Viat. I am very glad to hear it; 'tis the first that ever I made of this kind in my life.
Pise. Away, away! you are a Doctor at it! but I will not commend you too much, lest I make you proud. Come, put it on, and you shall now go downward to some streams betwixt the rocks below the little foot-bridge you see there, and try your fortune. Take heed of slipping into the water as you follow me under this rock: So, now you are over, and now throw in.
Viat. This is a fine stream indeed: There's one! I have him.
Pise. And a precious catch you have of him; pull him out! I see you have a tender hand: this is a diminutive gentleman, e'en throw him in again, and let him grow till he be more worthy your anger.
Viat. Pardon me, Sir, all's fish that comes to to th' hook with me now. Another!
Pise. And of the same standing.
Viat. I see I shall have good sport now: another! and a Grayling. Why you have fish here at will.
Pise. Come, come, cross the bridge, and go
down the other side lower, where you will find finer streams, and better sport, I hope, than this. Look you, Sir, here is a fine stream now, you have length enough, stand a little further off, let me entreat you, and do but fish this stream like an artist, and peradventure a good fish may fall to your share. How now! what is all gone?
Viat. No, I but touched him; but that was a fish worth taking.

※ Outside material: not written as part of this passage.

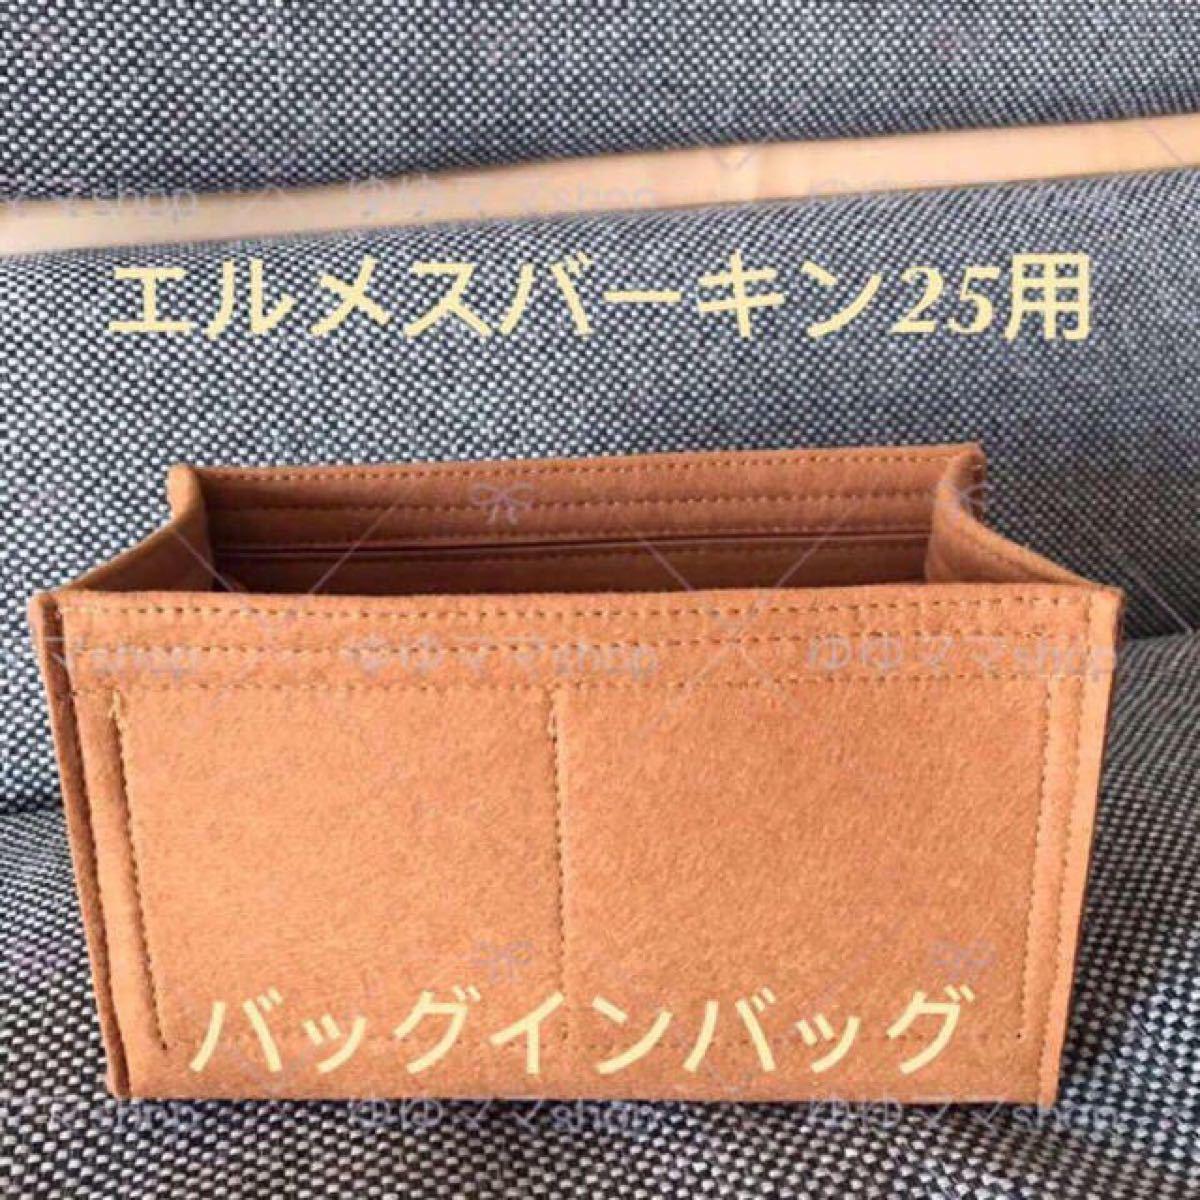 新品バッグインバッグ インナーバッグ ゴールド 25cm用
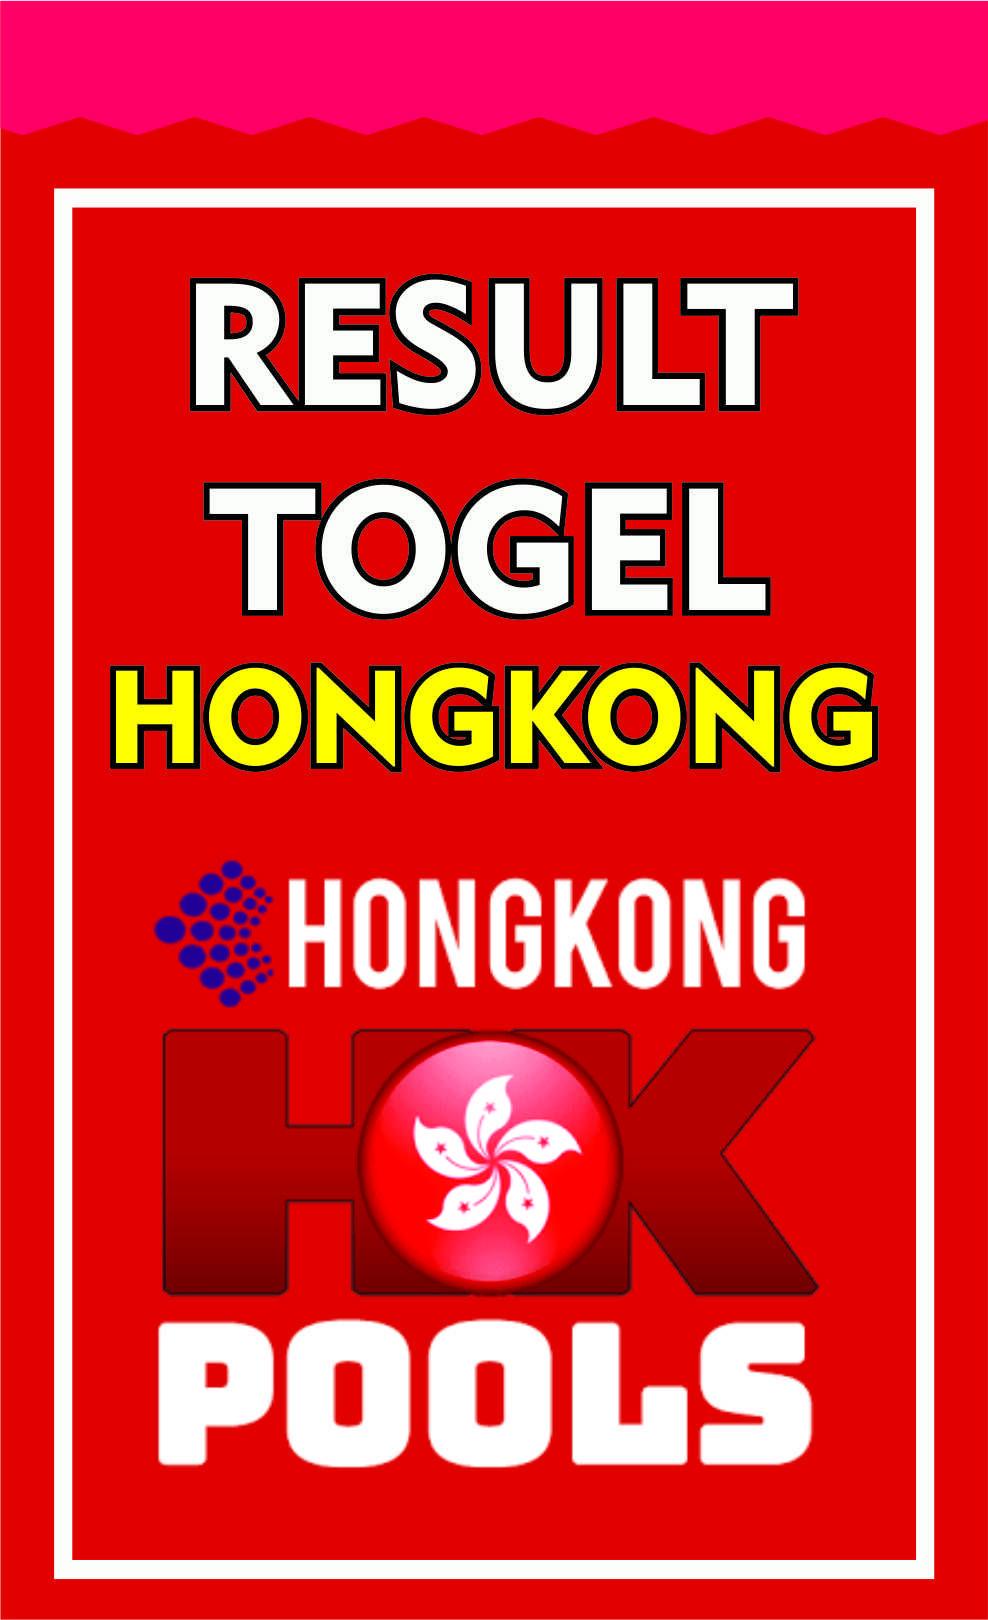 Keluaran Togel Hongkong Hari Ini 2019 : keluaran, togel, hongkong, Harian, Lengkap, Angka, Keluar, Result

Pise. Why now, let me tell you, you lost that fish by your own fault, and through your own eagerness and haste; for you are never to offer to strike a good fish, if he do not strike himself, till first you see him turn his head after he has taken your fly, and then you can never strain your tackle in the striking, if you strike with any manner of moderation. Come, throw in once again, and fish me this stream by inches; for I assure you here are very good fish; both Trout and Grayling lie here; and at that great stone on the other side, 'tis ten to one a good Trout gives you the meeting,
Viat. I have him now, but he is gone down towards the bottom: I cannot see what he is, yet he should be a good fish by his weight; but he makes no great stir.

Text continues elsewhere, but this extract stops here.